Цезарь, доставив народу это справедливейшее удовольствие, не вспомнил никакой частной обиды, самому ему оказанной. В угождение народу сперва не отвергал даваемого ему в театрах прозвания Нерона; и когда некоторые поставили на открытых местах Нероновы изображения, то он тому не препятствовал. Клувий Руф говорит, что в Иберии получены были грамоты, которые даются в дорогу гонцам с письмами; в них имя Нерона было приложено к имени Отона. Отон, заметив, что лучшим гражданам было то неприятно, перестал оное принимать.

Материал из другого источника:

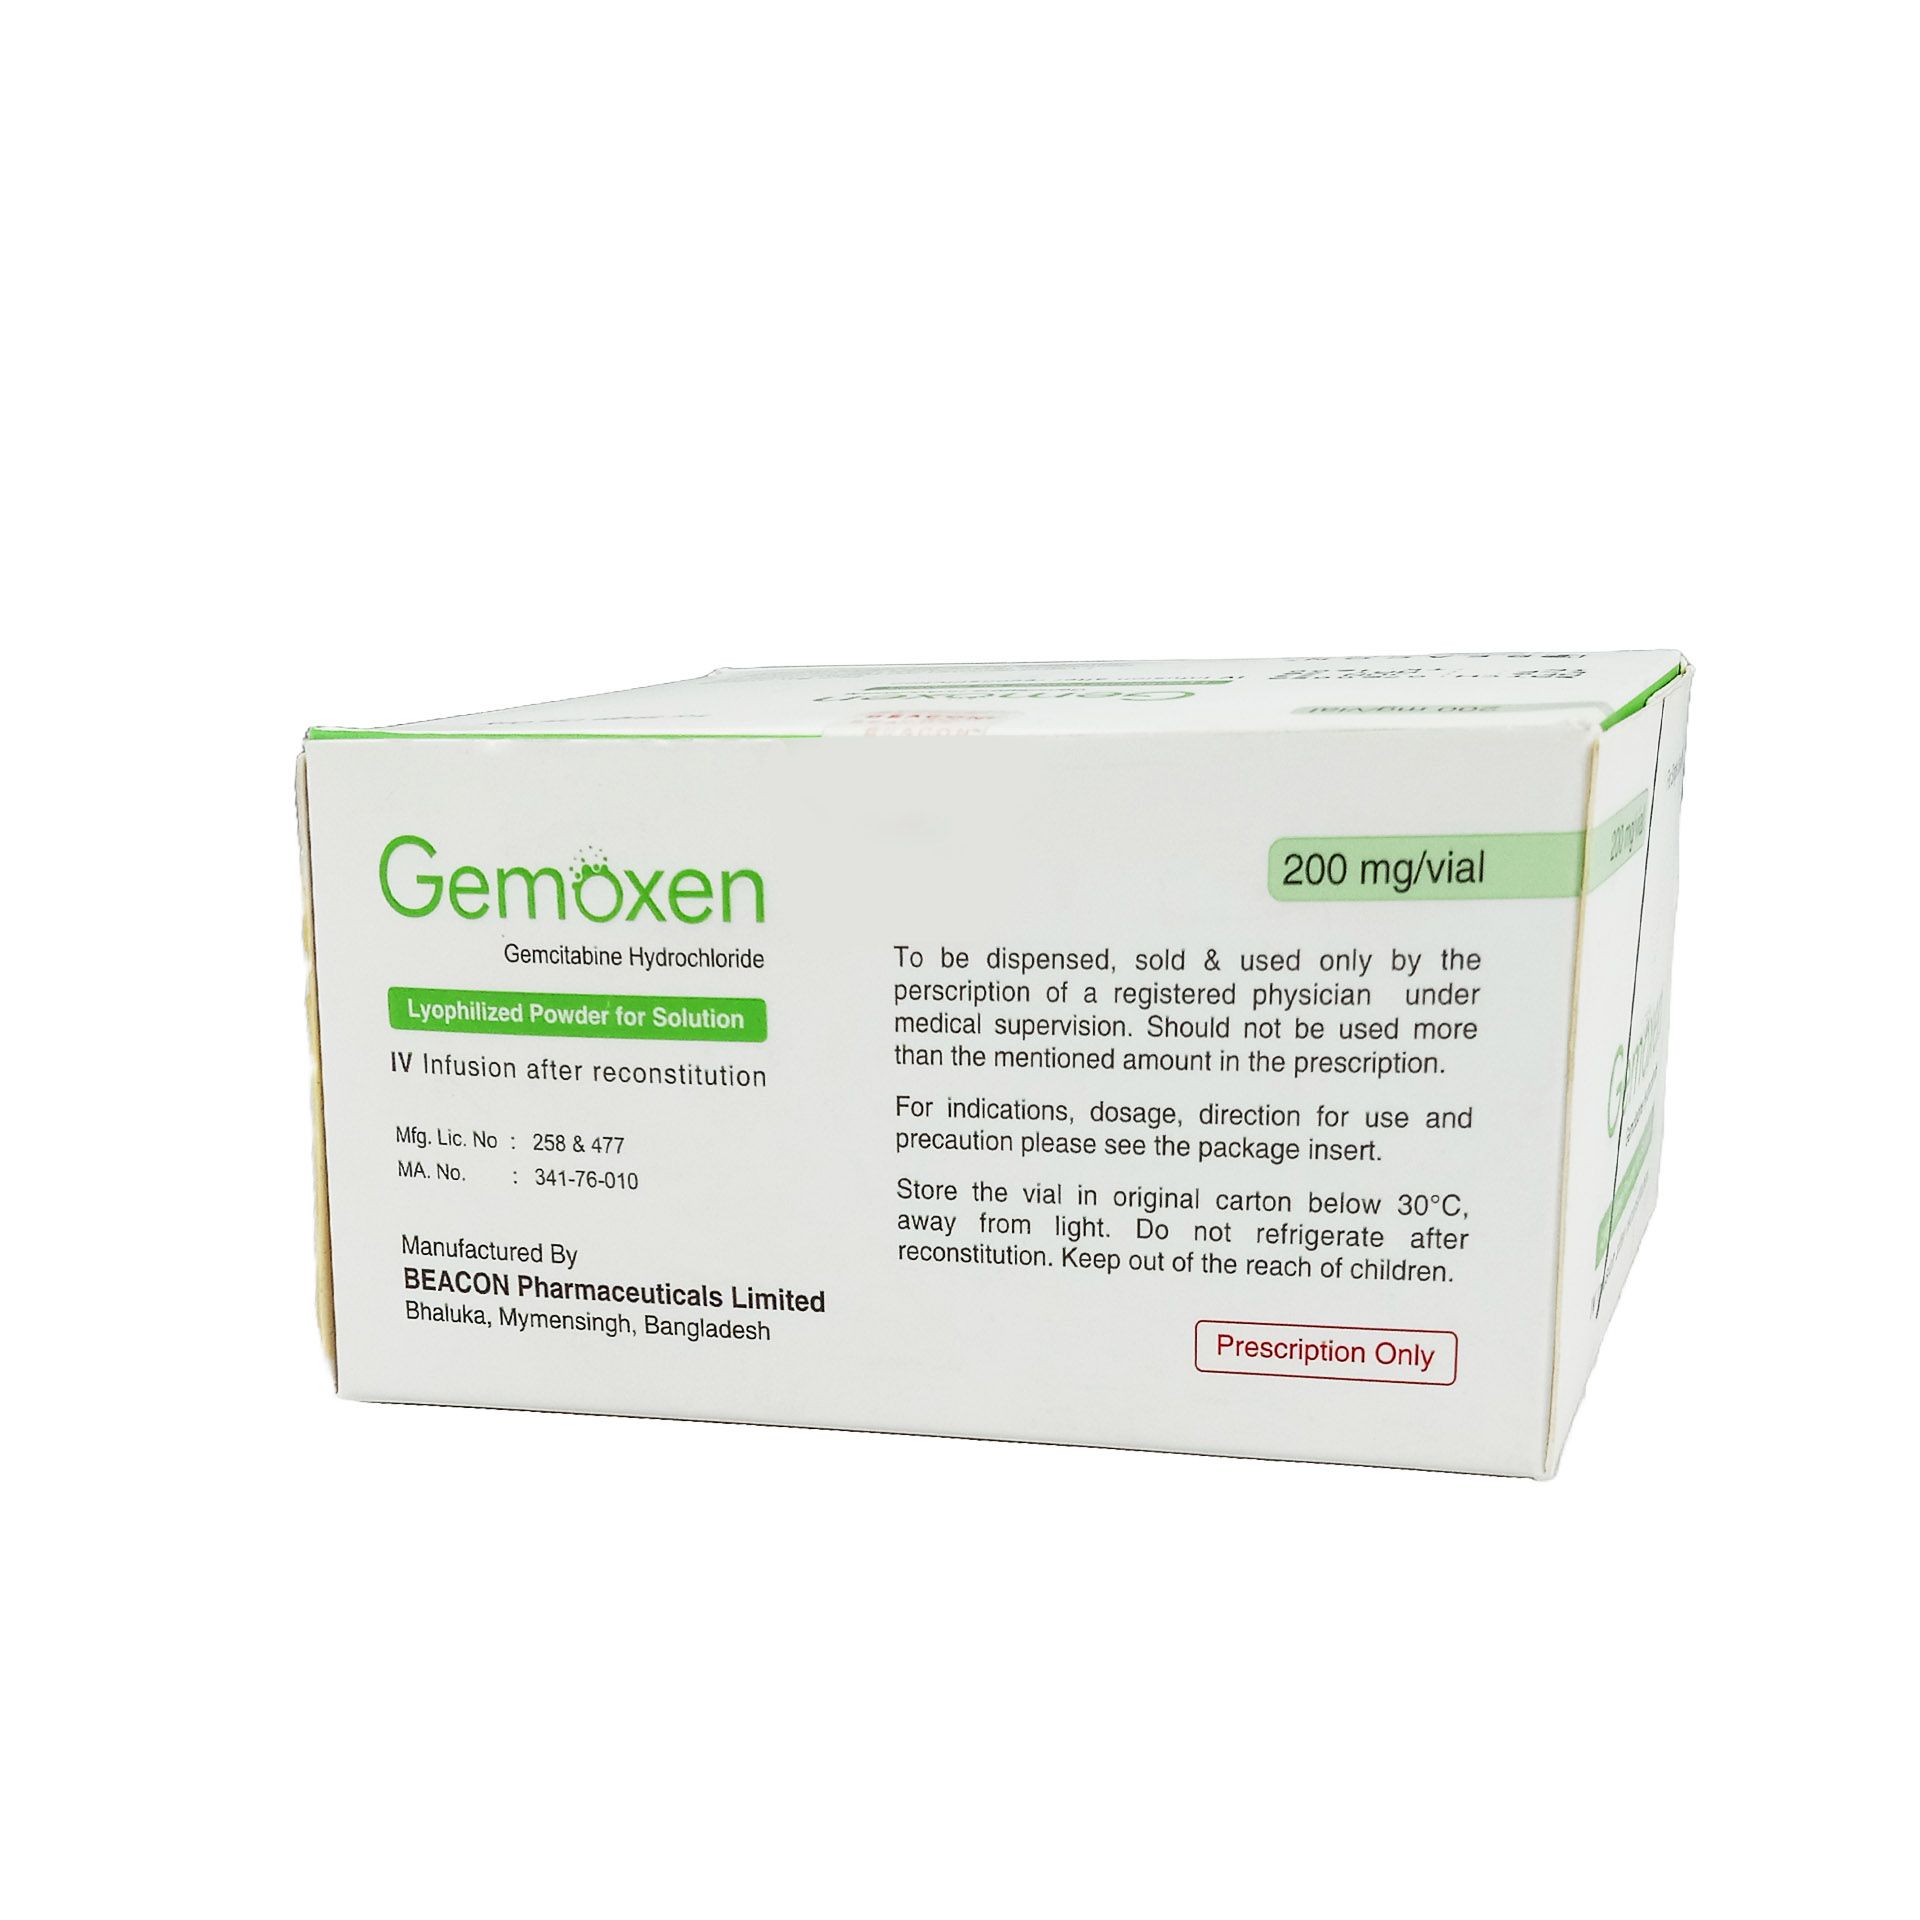 Gemoxen 200mg/vial Injection

Таким образом, правление его утверждалось, но войско беспокоило его тем, что советовало ему беречься знатных, не верить им и угнетать их или потому, что, из приверженности к императору, в самом деле боялось за него, или искало предлог, дабы все тревожить и возмущать. Когда Отон послал Криспина для приведения из Остии семнадцатой когорты, и Криспин готовился еще ночью к отъезду и клал оружия на возы, то самые дерзкие из воинов кричали, что Криспин имел в уме своем пагубные намерения; что сенат предпринимает новые перемены; что везут оружия не для Цезаря, но против Цезаря. Эти слова были разнесены по войску и раздражали многих; одни хватались за возы, другие умертвили двух сотников и самого Криспина, которые им противились. Все, наконец, вооружились, призывали друг друга на помощь Цезарю и устремились на Рим. Узнав, что у Отона ужинало восемьдесят сенаторов, они обратились к дворцу, говоря, что уже настало время к умерщвлению Цезаревых врагов всех вместе. Город был в великом смятении, все боялись, что будет грабеж; двор был в тревоге; Отон в недоумении. Хотя он страшился за сенаторов, но сам был им страшен; он видел, что они, испуганные и безгласные, вперили взоры свои на него; из них некоторые с женами и детьми пришли к ужину. Отон послал префектов с повелением переговорить с воинами и укротить их; и в то же время велел приглашенным к ужину сенаторам выйти другими дверьми. Они едва успели вырваться сквозь воинов, которые теснились к залу и спрашивали, куда делись враги Цезаря? Отон, стоя на ложе, много говорил к успокоению их, употреблял просьбы, не щадил и слез своих и с трудом их отослал. На другой день, подарив каждому воину по тысяче двести пятьдесят драхм, он вступил в стан и, хваля войско за усердие и приверженность к нему, говорил, что некоторые из них строят козни и что они представляют с дурной стороны умеренность его и постоянство воинов. Он изъявлял желание, чтобы воины ненавидели сих зломыслящих людей и содействовали ему в отыскании их. Все одобрили его речи и просили о наказании виновных. Отон взял двух воинов, о которых никто не стал бы жалеть, когда бы они были наказаны, и удалился.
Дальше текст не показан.